3. Earth to Aqib! He is one of the most gifted cornerbacks in the NFL, but when watching Aqib Talib (15 INTs in three seasons) ballhawk wideouts you can't help but wonder what the guy is thinking ... or if he even is. The 2008 first-round pick has been an off-the-field train wreck during his short career. A year ago he was suspended from the season opener after assaulting a taxi driver. In March, Talib was charged with aggravated assault with a deadly weapon (a gun, by the way) outside Dallas and faces a trial in March. How his latest legal run-in plays with judge-and-jury Commissioner Roger Goodell remains to be seen. In the interim, there are rules about interviews with Talib during camp: football questions only. Whatever.

Gerald McCoy, defensive tackle. While defensive tackle Ndamukong Suh, the second overall pick in the 2010 draft, was Ndominating last season en route to rookie of the year honors, McCoy, the No. 3 overall pick, struggled to make the sudden impact so many predicted when the former Oklahoma superstar was anointed as the second coming of Buccaneers icon Warren Sapp. McCoy, though, was starting to show up late in the season when he tore a biceps muscle in Week 14 and was done.

If Tampa Bay is going to upgrade its weak pass rush and a run defense that gave up 131.7 yards per game, McCoy needs to be the alpha dog of a starting front four expected to average less than 23 years old. "I learned that I can't be Warren Sapp. Warren Sapp was one of a kind," McCoy said. "I can only be me and I promise you I will give the very best that Gerald McCoy has to give."

Despite being a reported $59 million under the salary cap, the Buccaneers signed one unrestricted free agent from another team -- a punter, no less -- choosing instead to focus on re-signing the bulk of their own players. So the stranger in the building who figures to provide the biggest impact just might be new defensive line coach Keith Millard.

An assistant with Denver ('01-04) and Oakland ('05-08), Millard brings the same ferocious, no-nonsense attitude that made him NFL Defensive Player of the Year with Minnesota in 1989, when he set a league record for sacks by a tackle with 18, a mark that still stands. Millard pulls no punches. On McCoy's play last year: "It wasn't good. He knows that." On the expectations of that inexperienced defensive front. "Youth is no excuse."

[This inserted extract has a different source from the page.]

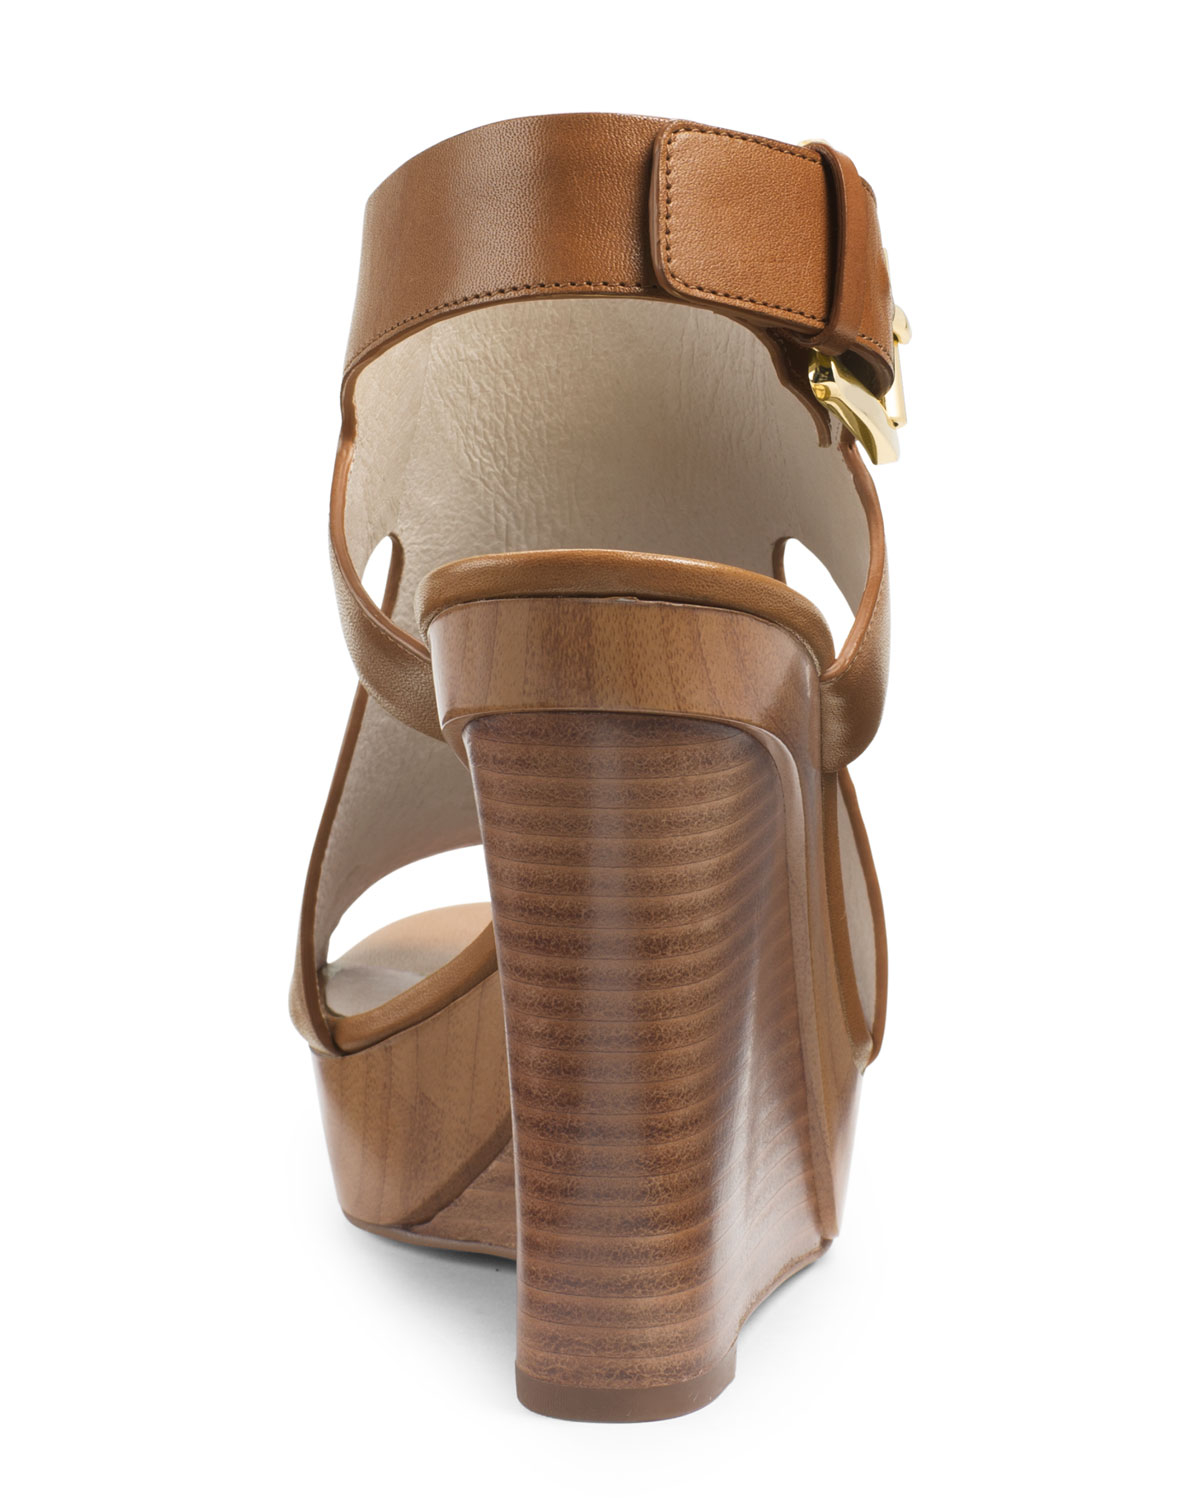 Michael Kors Leather Wedge Sandal in Brown - Lyst

Millard is charged with grooming a unit that accounted for just 26 sacks last season (30th in the league). "They may be young, but the expectations we have are high, very high," Millard said. "They will have to produce, and we made that clear when they walked in the door."

Unlike 2010, coming off that 3-13 mark, the Buccaneers won't have the benefit of a last-place schedule. The '11 slate features seven games against teams that reached the playoffs last year, including NFC South rivals Atlanta and New Orleans twice each, plus the club's first visit to Lambeau Field since 2005 to play the Super Bowl champion Green Bay Packers. Tampa Bay, the league's only team to have all home games blacked out on local television, has just seven dates at Raymond James Stadium. The eighth was scooped up by the league office to pit the Buccaneers against the NFC runner-up Chicago Bears at London's Wembley Stadium on Oct. 23.